A compound A (C2H4O2) reacts with Na metal to form a compound ‘B’ and evolves a gas which burns with a pop sound. Compound ‘A’ on treatment with an alcohol ‘C’ in presence of an acid forms a Sweet smelling compound ‘D’ (C4H8O2). On addition of NaOH to ‘D’ gives back B and C. Identify A, B, C and D write the reactions involved. Explain properly with chemical equation.
Answers
HELLO THERE!
Let us divide this question into some fragments.
In the first fragment, the compound A reacts with sodium (Na) to form B and evolves a gas which burns with a pop sound.
We know, that the gas which burns in air with a pop sound is hydrogen, and when active metals like sodium reacts with acids, hydrogen gas is liberated. Hence, the compound A must be any acid. On analyzing the formula, we see that it contains two carbon atoms, so the compound A is Ethanoic Acid/Acetic acid: CH₃COOH.

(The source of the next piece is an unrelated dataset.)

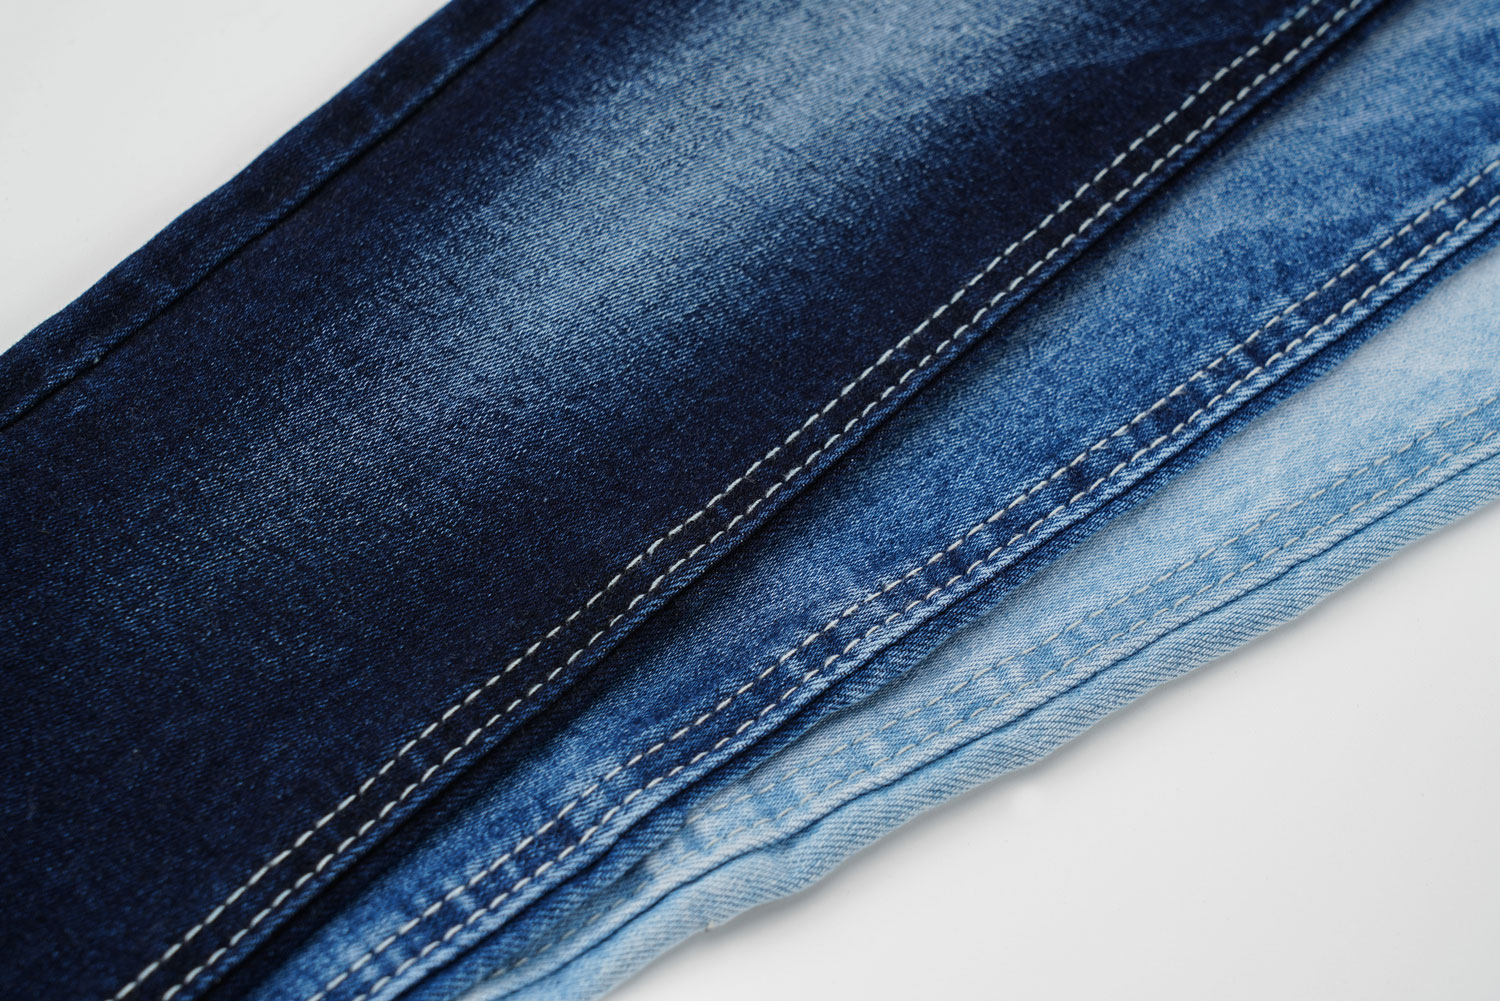 Tips and Methods to Keep Your Quality Denim Clean 2
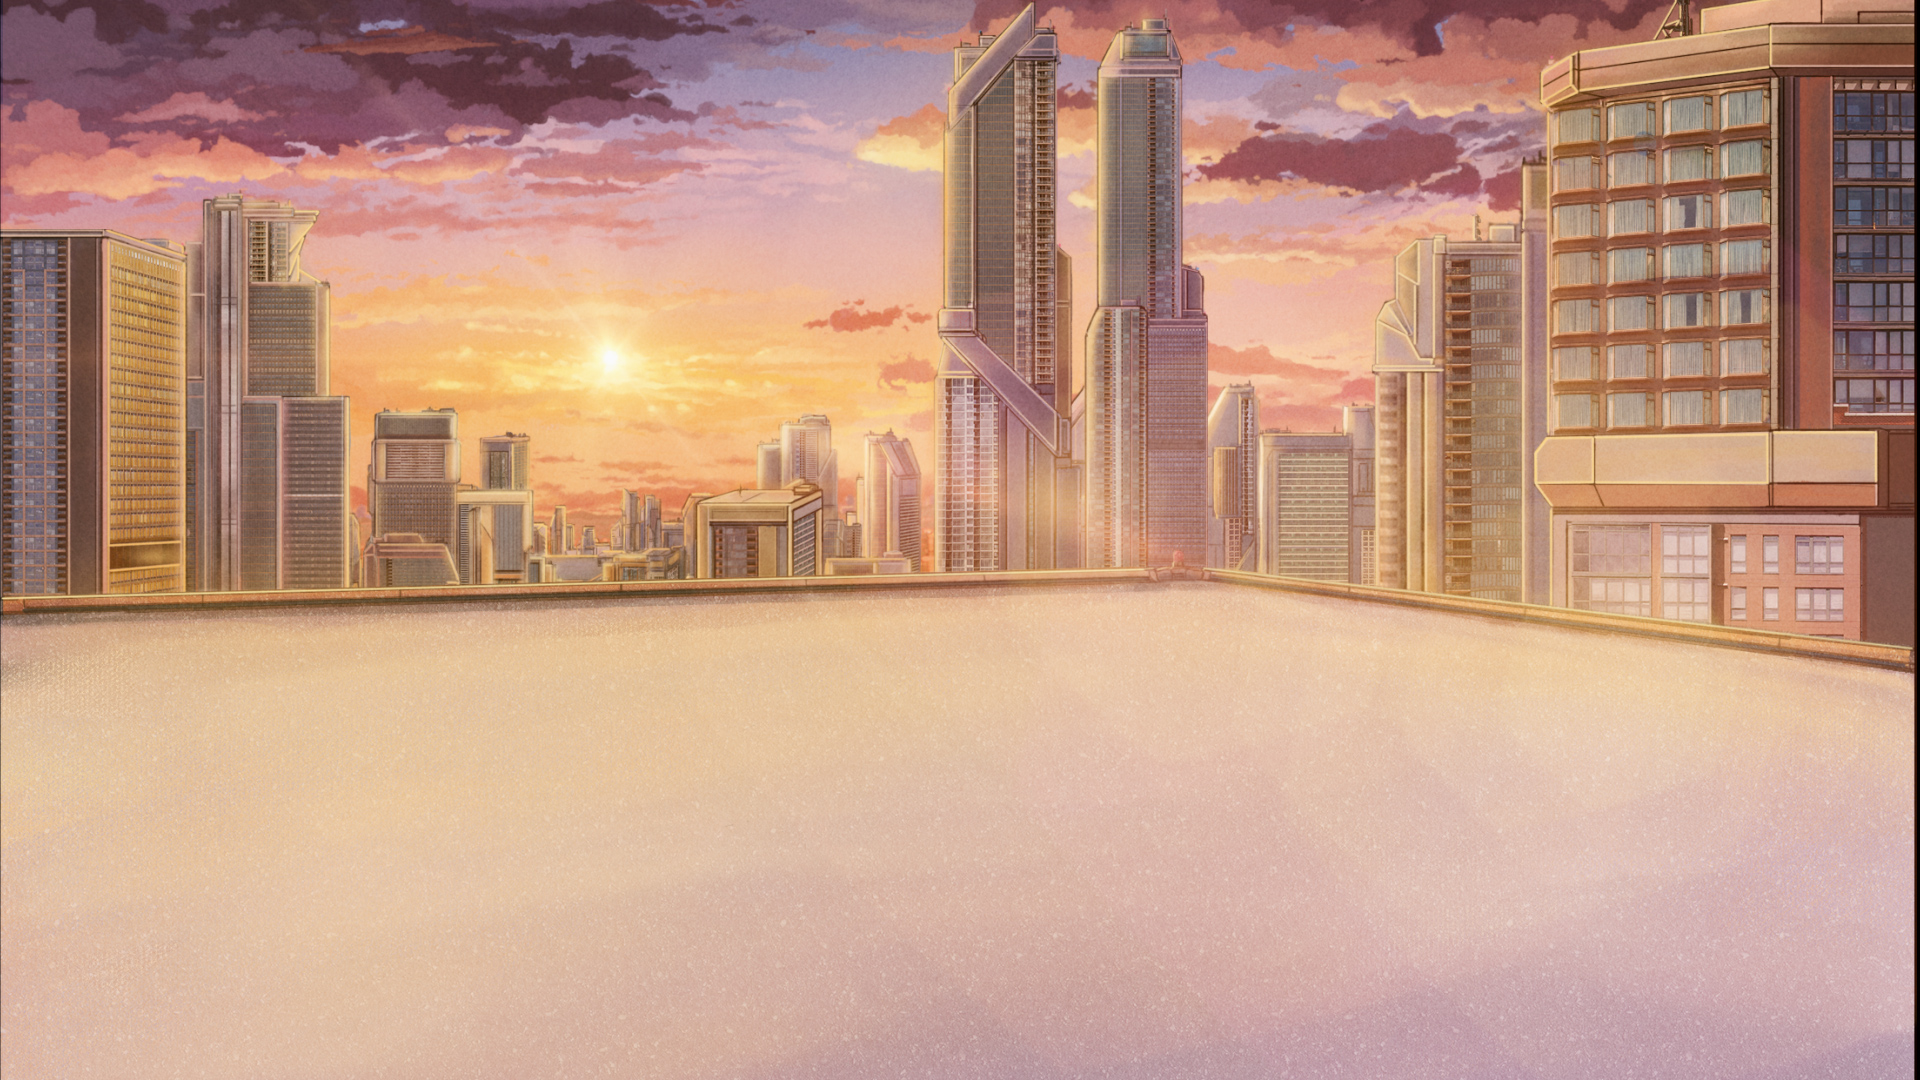 Anime 1920x1080 building digital art anime city city sunset glow sunset clouds sky anime cityscape rooftops outdoors alone

Reaction: 2Na + 2CH₃COOH ----> 2CH₃COONa + H₂
In the second fragment, Compound A is treated with an alcohol C in presence of an acid and a sweet smelling compound D is formed, whose molecular formula is given.
Now, we know that A is Acetic acid. And, a carboxylic acid, when reacts with an alcohol, in presence of concentrated sulphuric acid, we get Ester, which is a sweet smelling compound and has general formula R-COO-R, where R represents alkyl group.
On analyzing the formula of the ester, we find it to be CH₃COOC₂H₅, i.e., ethyl acetate or ethyl ethanoate.
COMPOUND D IS ETHYL ACETATE.
And, in place of acid since we have Ethanoic acid, only ethanol can give ethyl acetate. COMPOUND C IS ETHANOL.
Reaction: C₂H₅OH + CH₃COOH -----> CH₃COOC₂H₅ + H₂O.
When NaOH is added to ester, we get back B and C.
Reaction: NaOH + CH₃COOC₂H₅ -----> CH₃COONa + C₂H₅OH
THANKS!
Compound A is CH3COOH - ETHANOIC ACID
It reacts with sodium metal to give Compound B and H2 gas
a ) 2CH3COOH + 2Na -------> 2CH3COONa +H2
COMPOUND A reacts with COMPOUND C [ an alcohol ] and forms a sweet smelling compound D
This reaction is known as Esterification reaction which occurs between alcohol group and carboxylic group to form esters a sweet smelling compound.
b ) C2H5OH + CH3COOH ----> CH3COOC2CH5 +H2O
On reaction of Compound D with NaoH :
CH3COOC2CH5 + NaOH --->CH3COONa + C2H5OH
Hence A --- Ethanoic Acid
B= sodium Acetate
C= Ethanol
D= Esters.